A = 72.45 x 10⁶Jh^-1 / (54 Wm^-2k^-1 * 328.64°C)

Balancing units gives

(72.45x10⁶) / 3600 = 20125 Js^-1

Completing:

A = 20125 / 17746.56

A = 1.13m²Close? Or have I missed something out?

*Edited from post 35.

 

[SteamKing]

As far as I am aware the A in the Φ=UAΔT equation gives you the surface area of the heat transfer. Which is what I'm after no?

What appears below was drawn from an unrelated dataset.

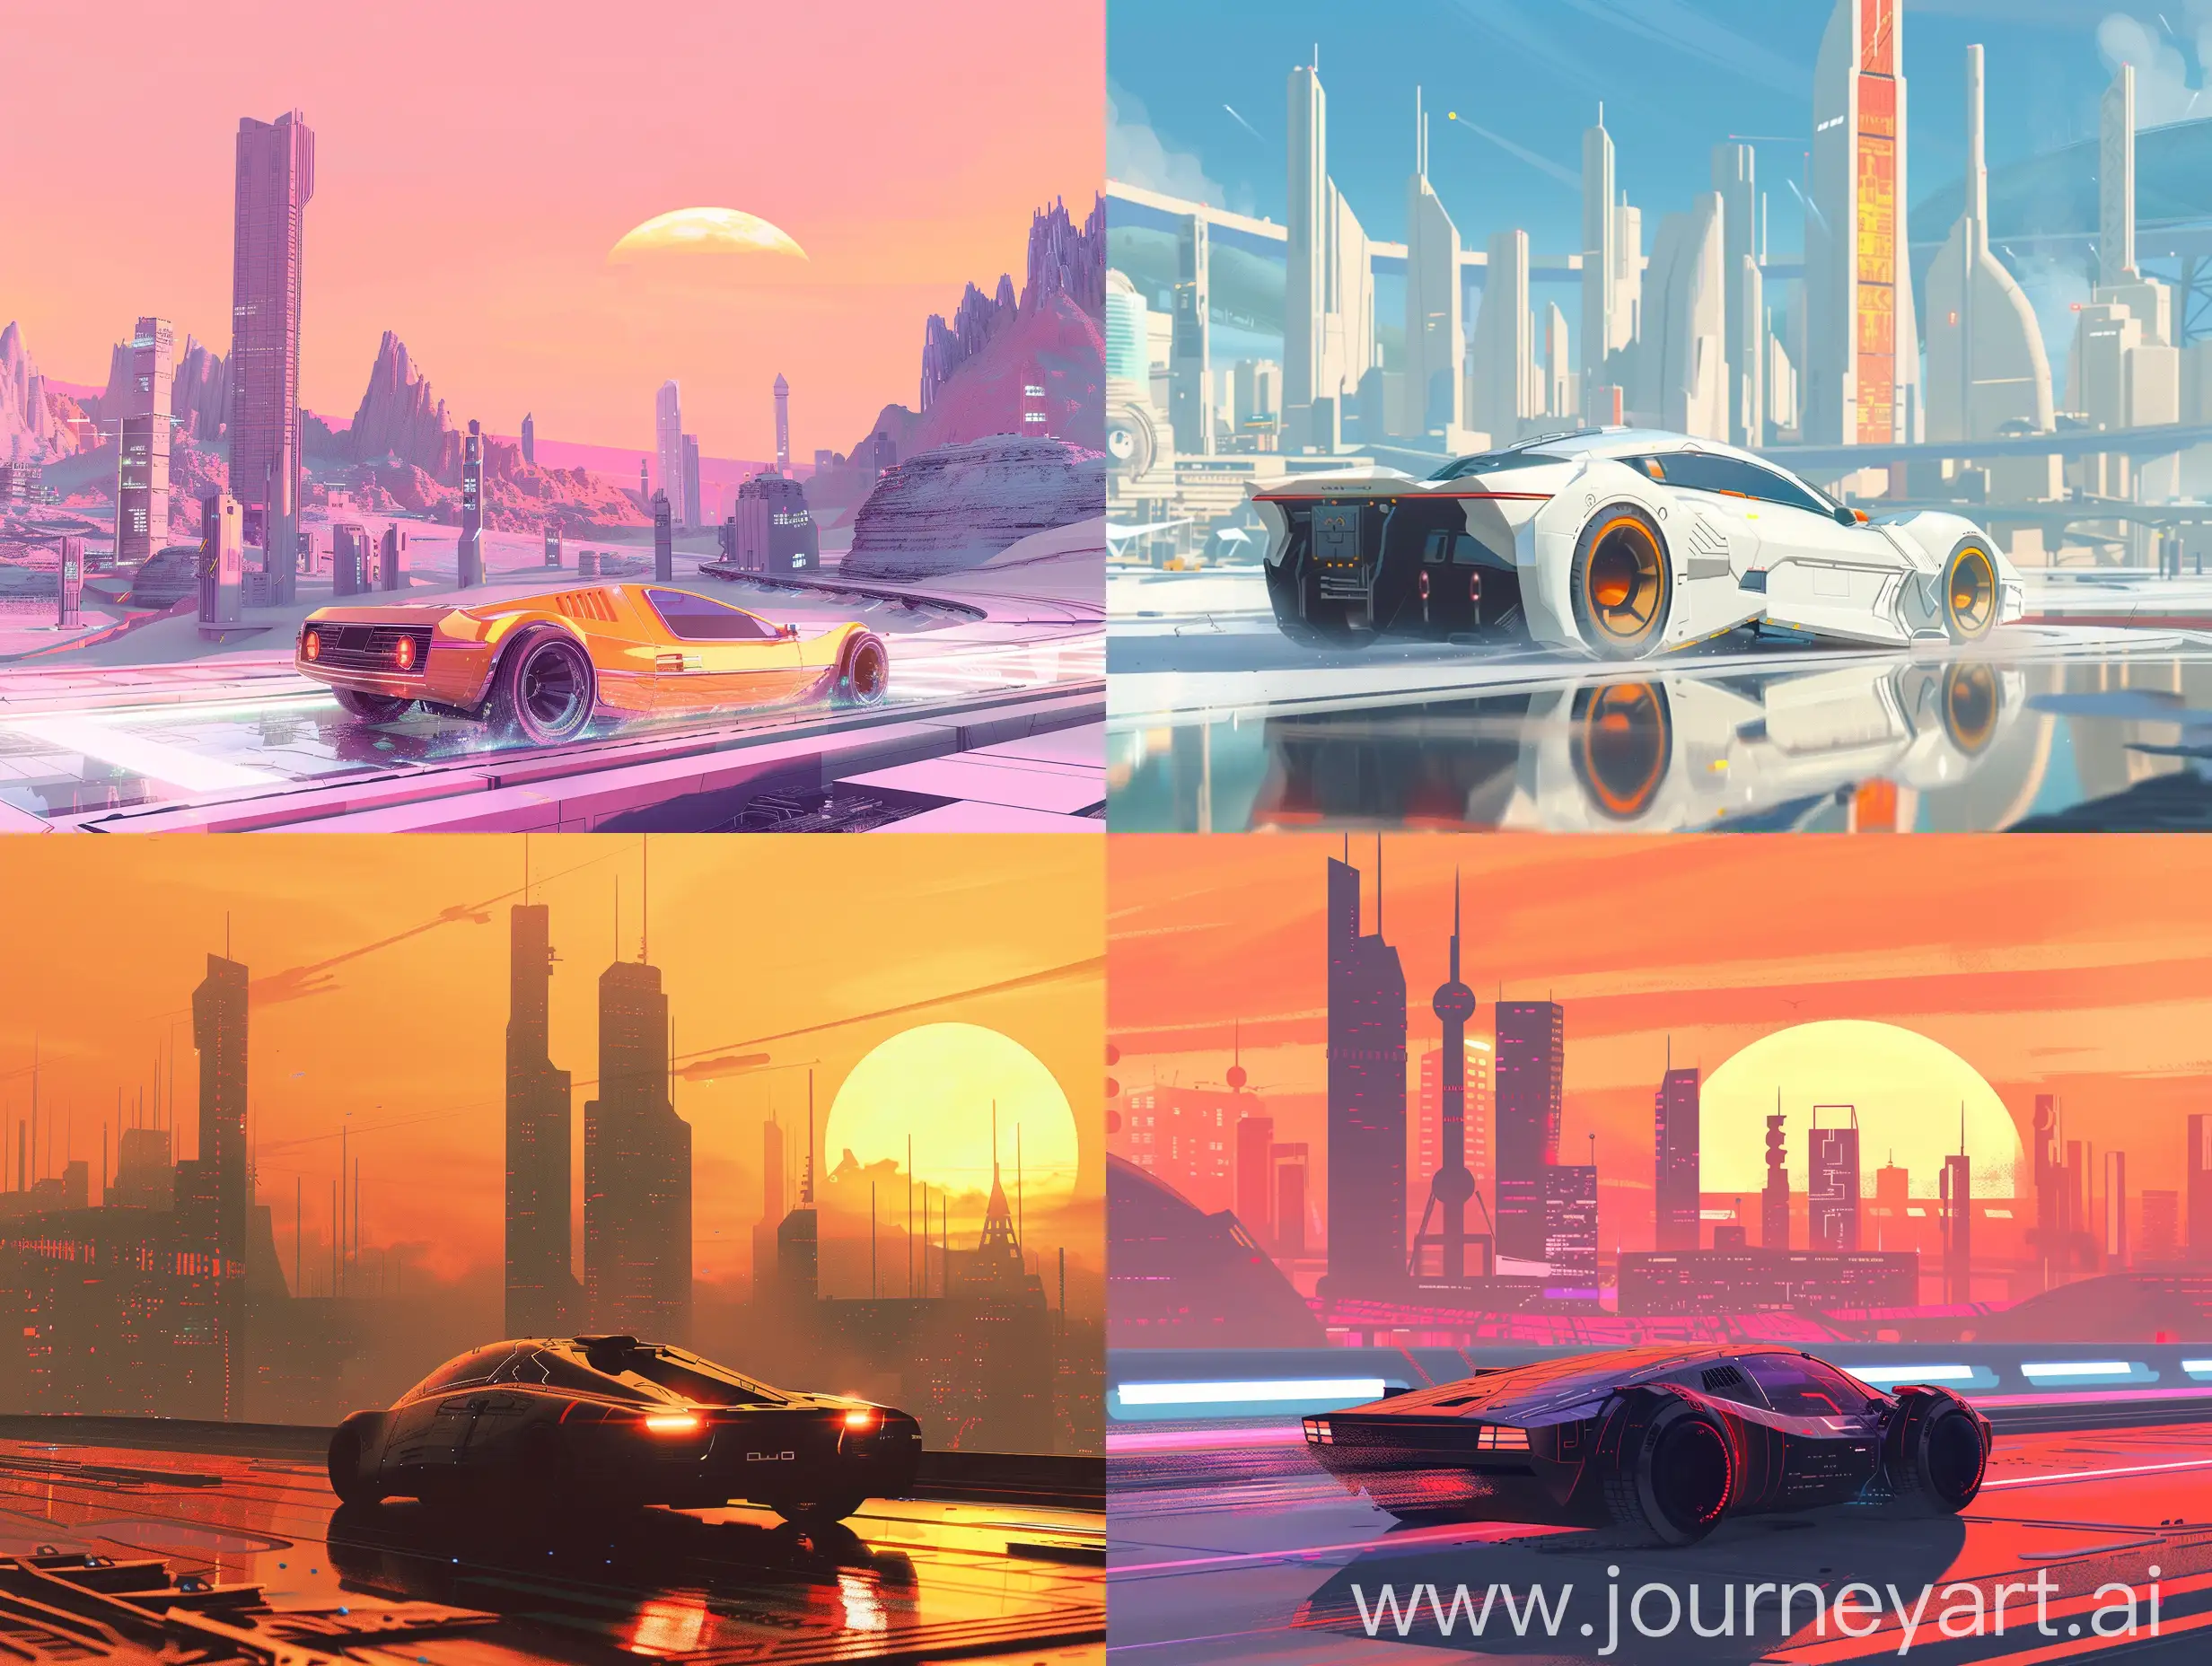 Solarpunk-Car-Driving-in-Utopian-Cityscape

Yes, but in order to calculate the number of tubes which gives this surface area, you don't use the cross-sectional area of each tube like you did in your calculations:

Af= πd²n / 4 where n=number of tubes
n= 4Af / πd²
= 4 x 0.569 / π(0.025)²
=1159.15 = 1160 tubes.

Can anyone see where I am going wrong?

For an individual tube, SA ≠ π d² / 4

 

[insightful]

Φ =qmhCph (TH1-TH2)
= 50000 x 1.15(1600-200)
= 80.5x106 J/hr
with 10% heat loss = 80.5x106 x 0.9
=724.5 x 105 J/hr

Should this be kJ/hr??

 

[insightful]

A note on the "10% loss."

Since we don't know exactly where the heat loss occurs, it is prudent to consider it to occur after the heat is transferred through the tubes. (Prudent because it results in 10% greater surface area and is thus more conservative.)
That is why I would not incorporate the loss when calculating phi.

 

[SeaofEnergy]

Yes, but in order to calculate the number of tubes which gives this surface area, you don't use the cross-sectional area of each tube like you did in your calculations:For an individual tube, SA ≠ π d² / 4

My materials state this as the route to determine number of tubes.

q_mh=ρAfu

where
q_mh - mass flowrate of the liquid/gas = 50000/3600 kJ/s
ρ is the density of the liquid/gas = 1.108 kg m^-3
Af is the flow area - (unknown calculated as 0.569 m² using this equation)
u is the velocity of the liquid/gas = 22 ms^-1

then

Af= πd²n / 4

where
d is the internal diameter of the tubes = 0.025m
n is the number of tubes.

or alternatively:

n= 4q_mh / ρπd²u
The problem i am having is that i cannot get these equations to return a viable answer. There must be something i am missing here but i still cannot see what it is. I have tried recalculating this with the revised surface area of 1134.8 m² but still have 1160 tubes at max and 913 tubes at min with 65 and 85 passes respectively when restricted to 5m length passes. I am new to heat exchangers but this seems like an unrealistically high amount of tubes/passes?

Should this be kJ/hr??

Yes your right. Cheers!

 

[insightful]

I have tried recalculating this with the revised surface area of 1134.8 m2 but still have 1160 tubes

Use these numbers. How long would a single tube bundle be to give the required surface area?

 

[SeaofEnergy]

Thanks I have got there now. Just needed a nudge in the right direction!Appreciate the help folks! :)

 

[MCTachyon]

surface area of 1134.8 m²

Is this surface area correct for his part of the question?

 

[SeaofEnergy]

Is this surface area correct for his part of the question?

I originally had 1.13m² but that was due to a units error, the 724.5 x 10⁵ is in KJ/hr which means when it comes to calculating the Area it is 724.5 x 10⁸ as the coefficient is in W m^-2 K^-1. This balances the units. I think that's correct anyway.